Im Machtkampf in Südkorea hat der vom Parlament suspendierte Präsident Yoon Suk Yeol eine Befragung durch die Justiz verweigert. Yoon habe „sich geweigert“, einer Einbestellung zur Befragung zu dem von ihm kurzfristig ausgerufenen Kriegsrecht nachzukommen, teilte die Staatsanwaltschaft am Montag mit. Das Verfassungsgericht begann derweil mit den Beratungen über die Amtsenthebung des 63-Jährigen. Zudem trat der Chef von Yoons Regierungspartei zurück.
Nach Angaben der Staatsanwaltschaft kam Yoon einer ersten Vorladung nicht nach. Die Befragung hätte am Sonntagabend stattfinden sollen. Nach der „Verweigerung“ durch Yoon sei diesem am Montag eine neue Vorladung zugestellt worden, erklärte die Staatsanwaltschaft.
Neben dieser Untersuchung durch die Staatsanwaltschaft des Landes gibt es eine weitere durch ein gemeinsames Komitee von Polizei, Antikorruptionsbehörde und Verteidigungsministerium. Dieses soll die Umstände der umstrittenen Ausrufung des Kriegsrechts Anfang Dezember prüfen. Es bestellte den suspendierten Präsidenten nach Informationen der Nachrichtenagentur Yonhap für Mittwoch zu einer Befragung ein, diese Aufforderung sei aber umgehend von seinem Büro zurückgewiesen worden.
Sollte sich Yoon weiter den Befragungen verweigern, könnten die Ermittler einen gerichtlichen Haftbefehl beantragen. Gegen den suspendierten Präsidenten und sein Umfeld wird unter anderem wegen „Aufruhr“ ermittelt, bei einem Schuldspruch droht ihm theoretisch die Todesstrafe.
Der Präsident hatte am 3. Dezember kurzzeitig das Kriegsrecht ausgerufen. Er hatte angesichts eines Haushaltsstreits überraschend von dieser Maßnahme Gebrauch gemacht und damit das In- und Ausland aufgeschreckt. Das von der Opposition dominierte Parlament hatte jedoch in einer dramatischen Sitzung von seinem Vetorecht Gebrauch gemacht, woraufhin Yoon das Kriegsrecht nach wenigen Stunden wieder aufhob.
Seitdem gab es in Südkorea Massenproteste gegen Yoon. Am Samstag dann stimmte das Parlament mit Hilfe von Stimmen aus Yoons PP-Partei für eine Amtsenthebung des Präsidenten. Damit ist Yoon nun offiziell von seinem Amt suspendiert, die Amtsgeschäfte des Präsidenten übernahm Ministerpräsident Han Duck Soo.
Nun ist laut südkoreanischer Verfassung das Verfassungsgericht am Zuge.
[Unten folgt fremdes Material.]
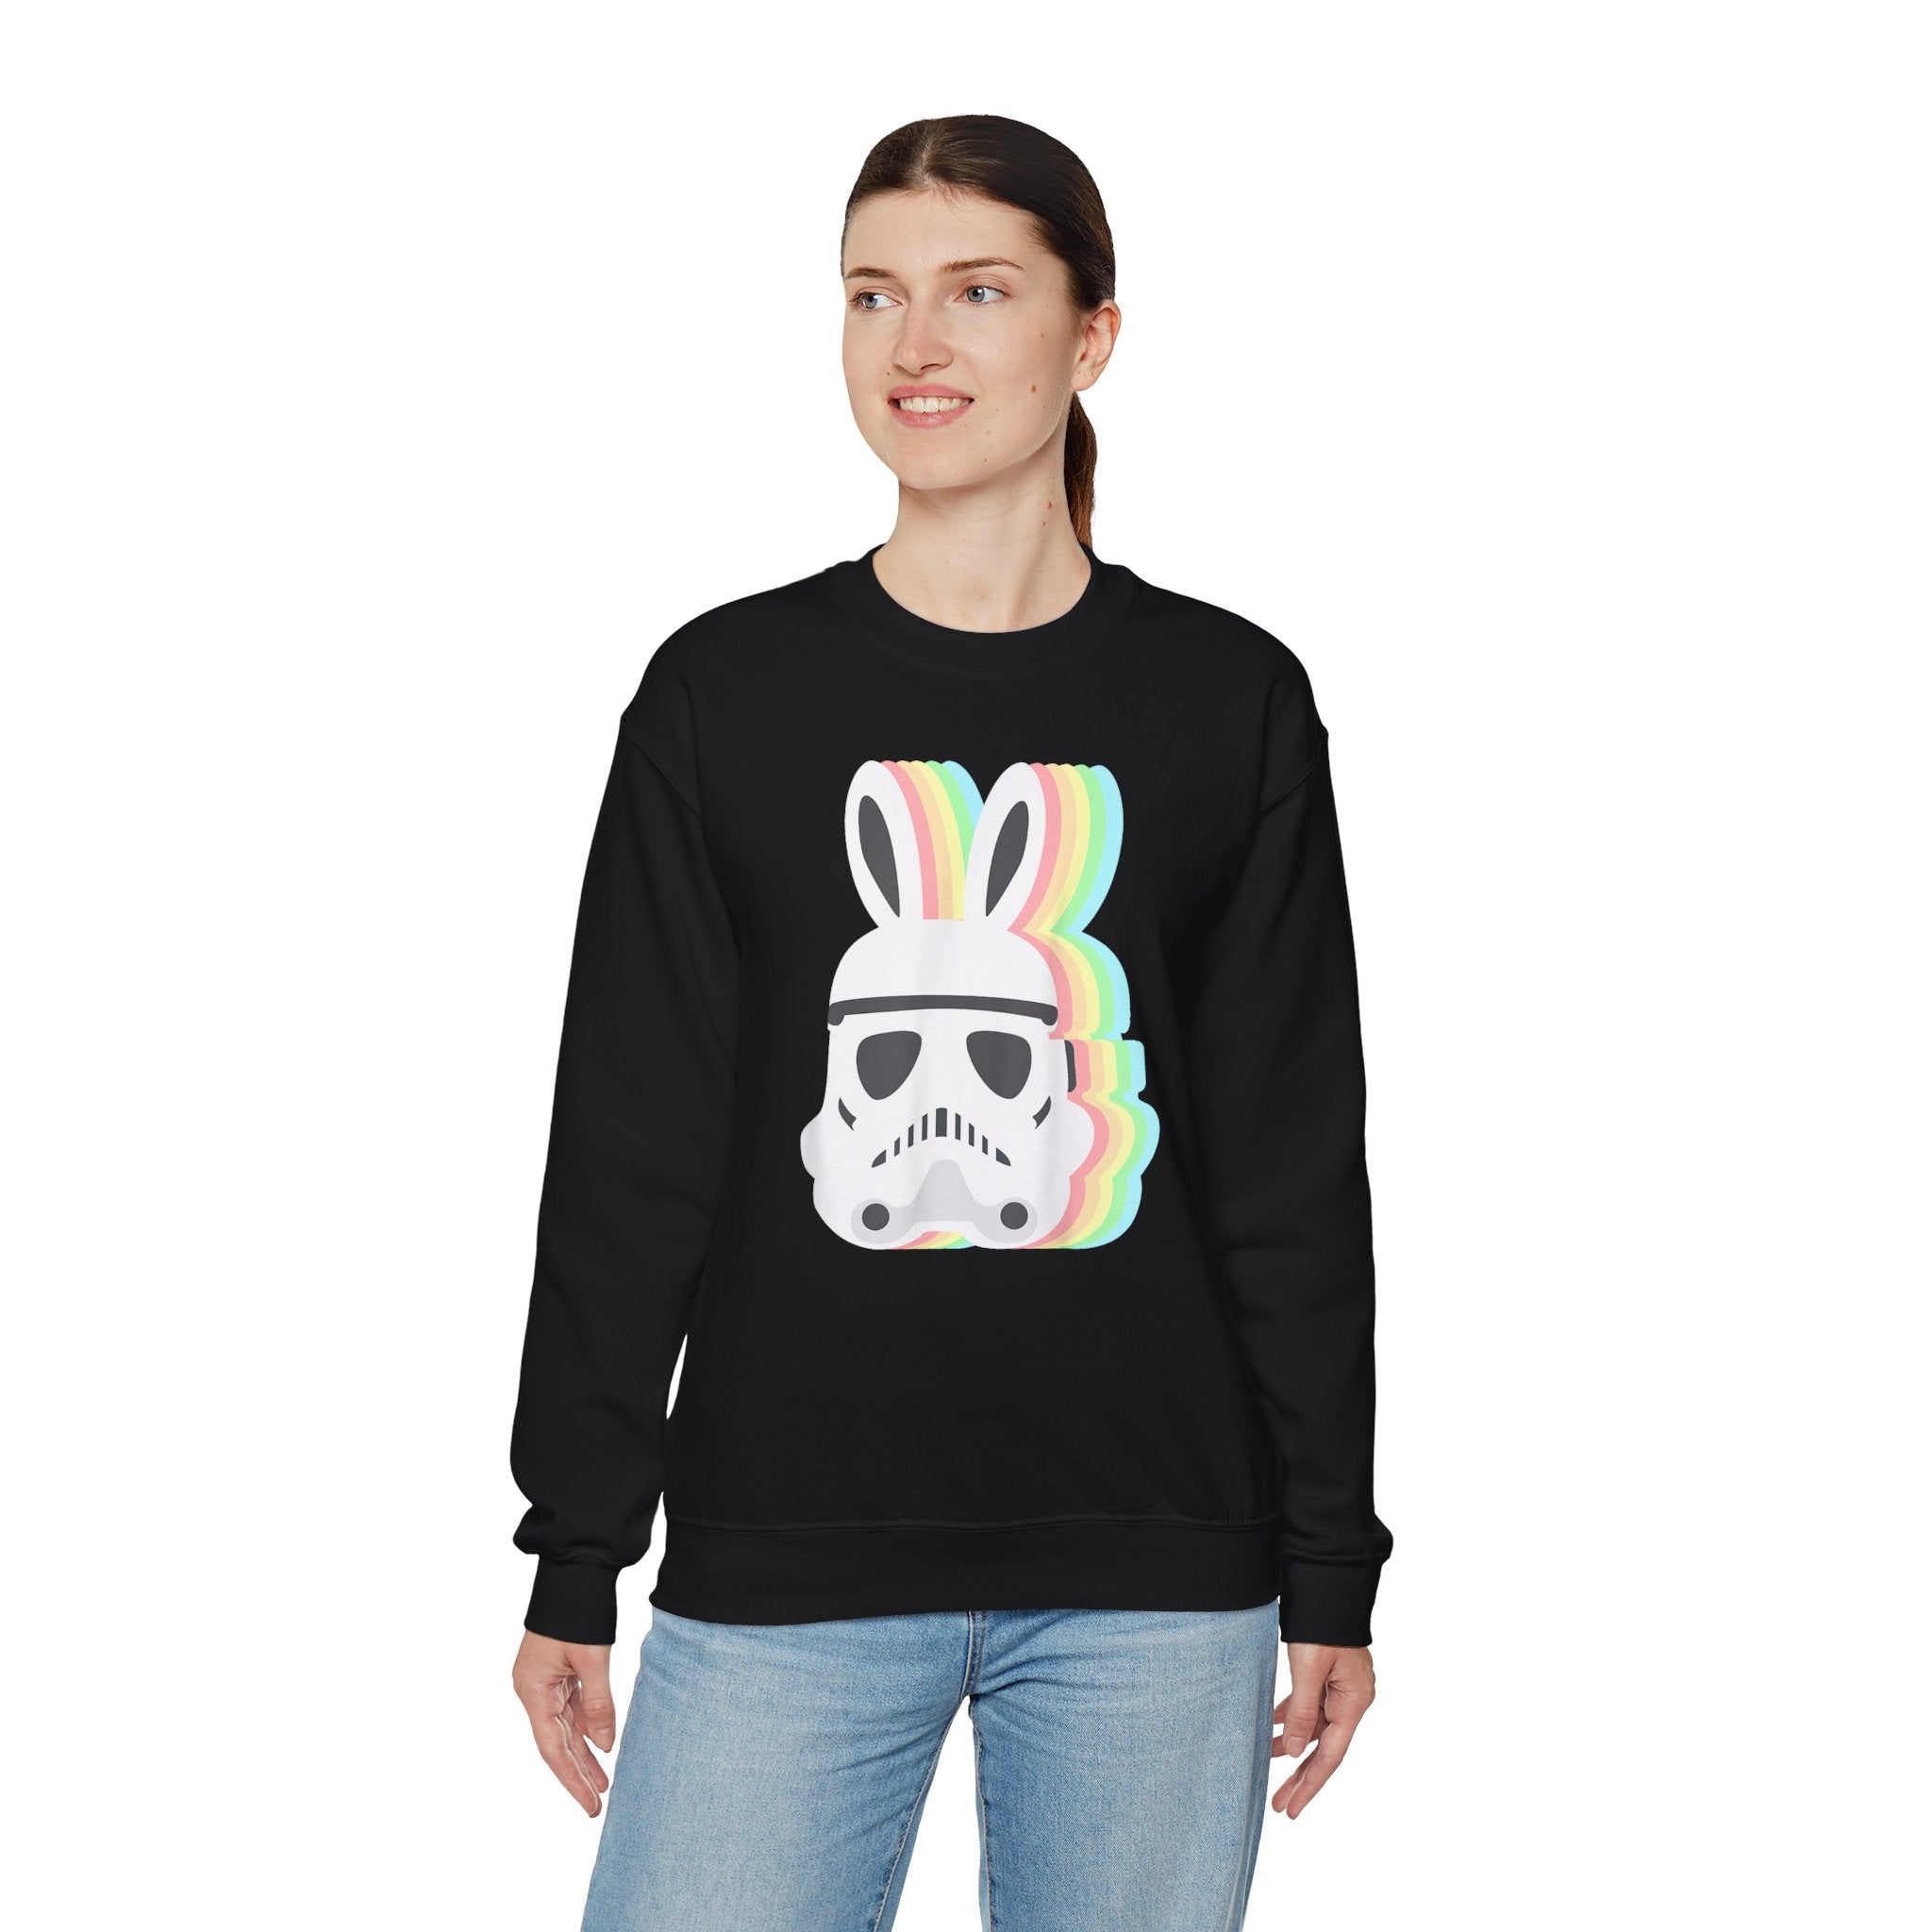 Person wearing a black Star Wars Easter Stormtrooper - Sweatshirt featuring an Easter Stormtrooper helmet with rainbow bunny ears, standing against a plain white background.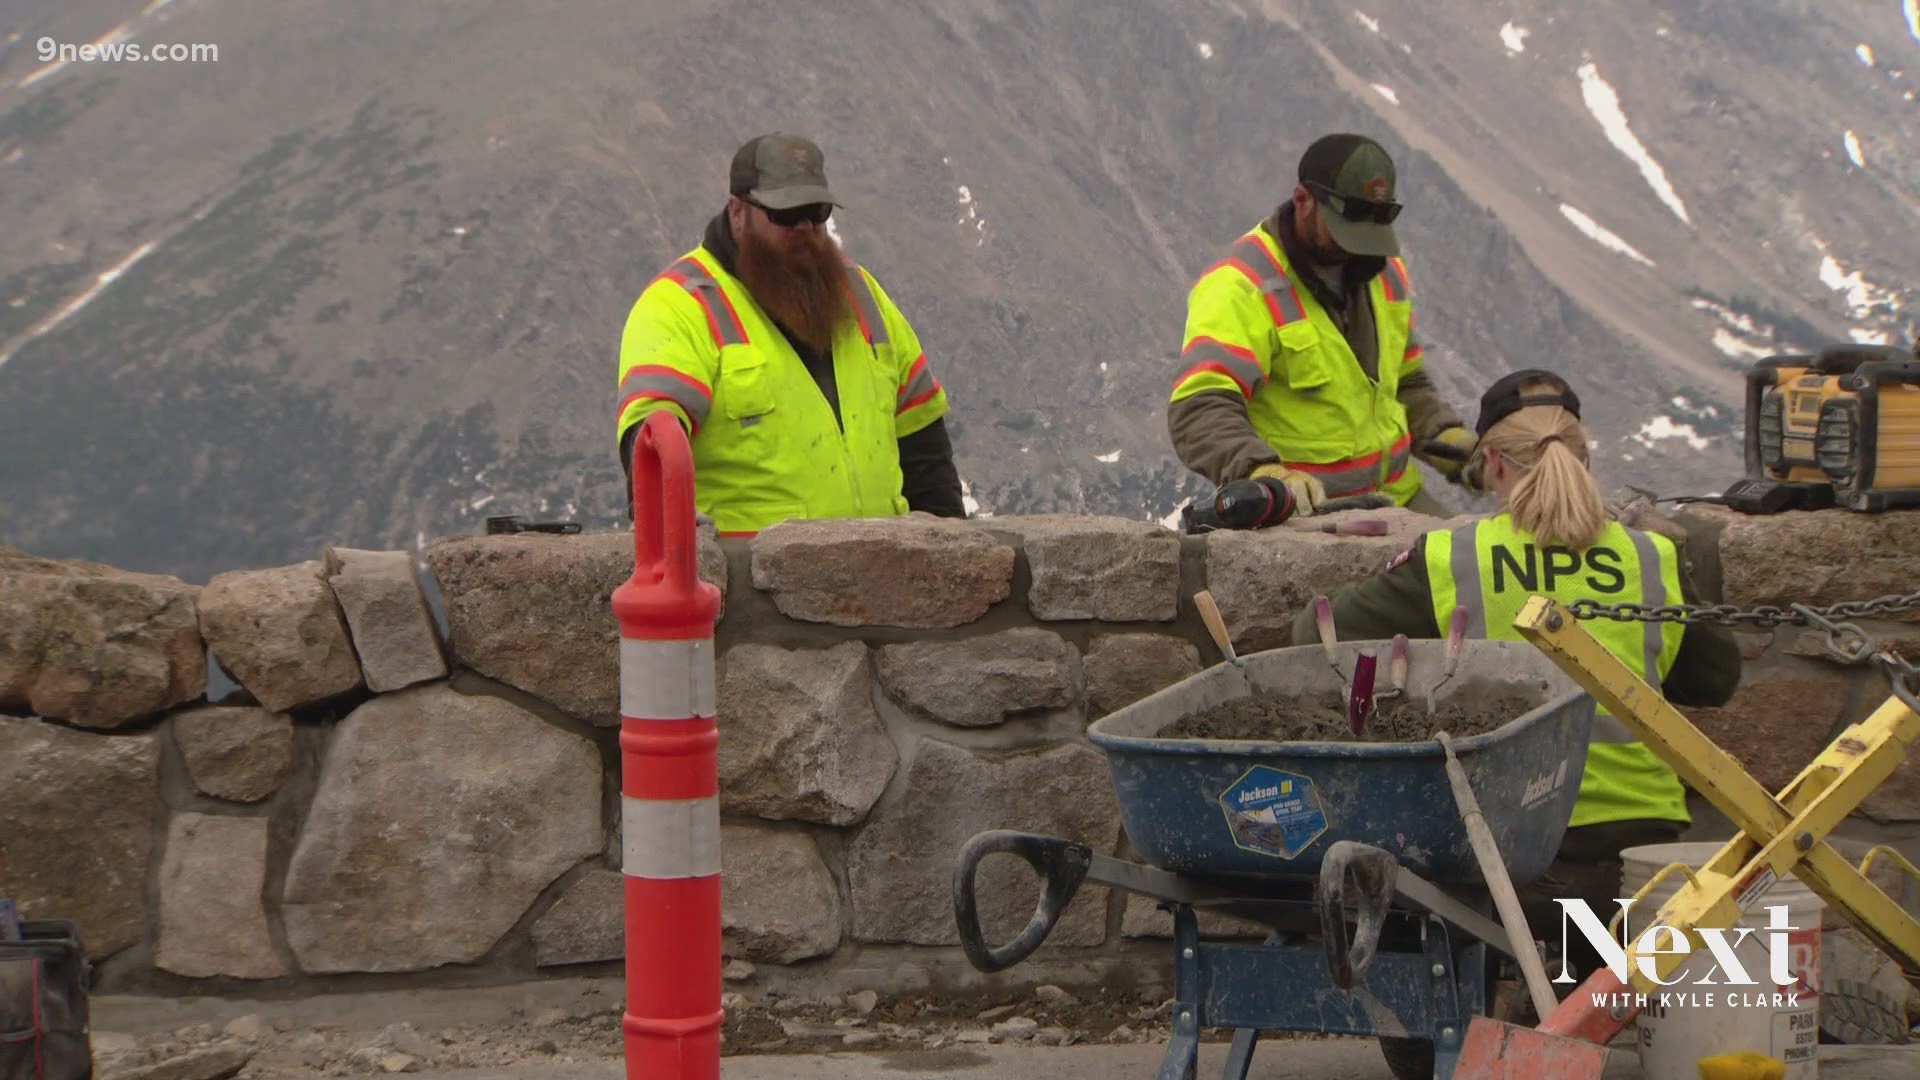 Walls in Rocky Mountain National Park, built by Civilian Conservation Corps in the 1930s, are being restored to their original glory.

Es begann nach eigenen Angaben am Montag mit den Beratungen über den Fall. Theoretisch hat das Gericht sechs Monate Zeit für eine Entscheidung. Oppositionsführer Lee Jae Myung rief das Gericht am Sonntag auf, die Absetzung „schnell“ zu bestätigen.
Derweil trat der Vorsitzende von Yoons regierender PP-Partei zurück. Auf einer Pressekonferenz in Seoul bat Han Dong Hoon am Montag alle Menschen um Entschuldigung, die unter der kurzzeitigen Ausrufung des Kriegsrechts „gelitten“ hätten.
Yoon hatte die Ausrufung des Kriegsrechts offiziell damit begründet, sein Land „vor der Bedrohung durch die kommunistischen Kräfte Nordkoreas“ schützen und „staatsfeindliche Elemente“ ausschalten zu wollen. Am Montag berichteten auch Nordkoreas Staatsmedien über das Amtsenthebungsverfahren im Nachbarland. Die staatliche Nachrichtenagentur KCNA schrieb, Yoon habe versucht, die Verantwortung für die „törichte Ausrufung des Kriegsrechts“ auf die südkoreanischen Oppositionsparteien abzuwälzen.
Die Beziehungen zwischen Süd- und Nordkorea befinden sich auf einem Tiefpunkt. Nordkoreas Machthaber Kim Jong Un ließ in diesem Jahr mehrfach Raketentests vornehmen. Zudem kündigte er die Entwicklung weiterer Waffen an, darunter auch taktische Atomwaffen. Als Reaktion darauf verstärkten Südkorea und die USA ihre Verteidigungszusammenarbeit.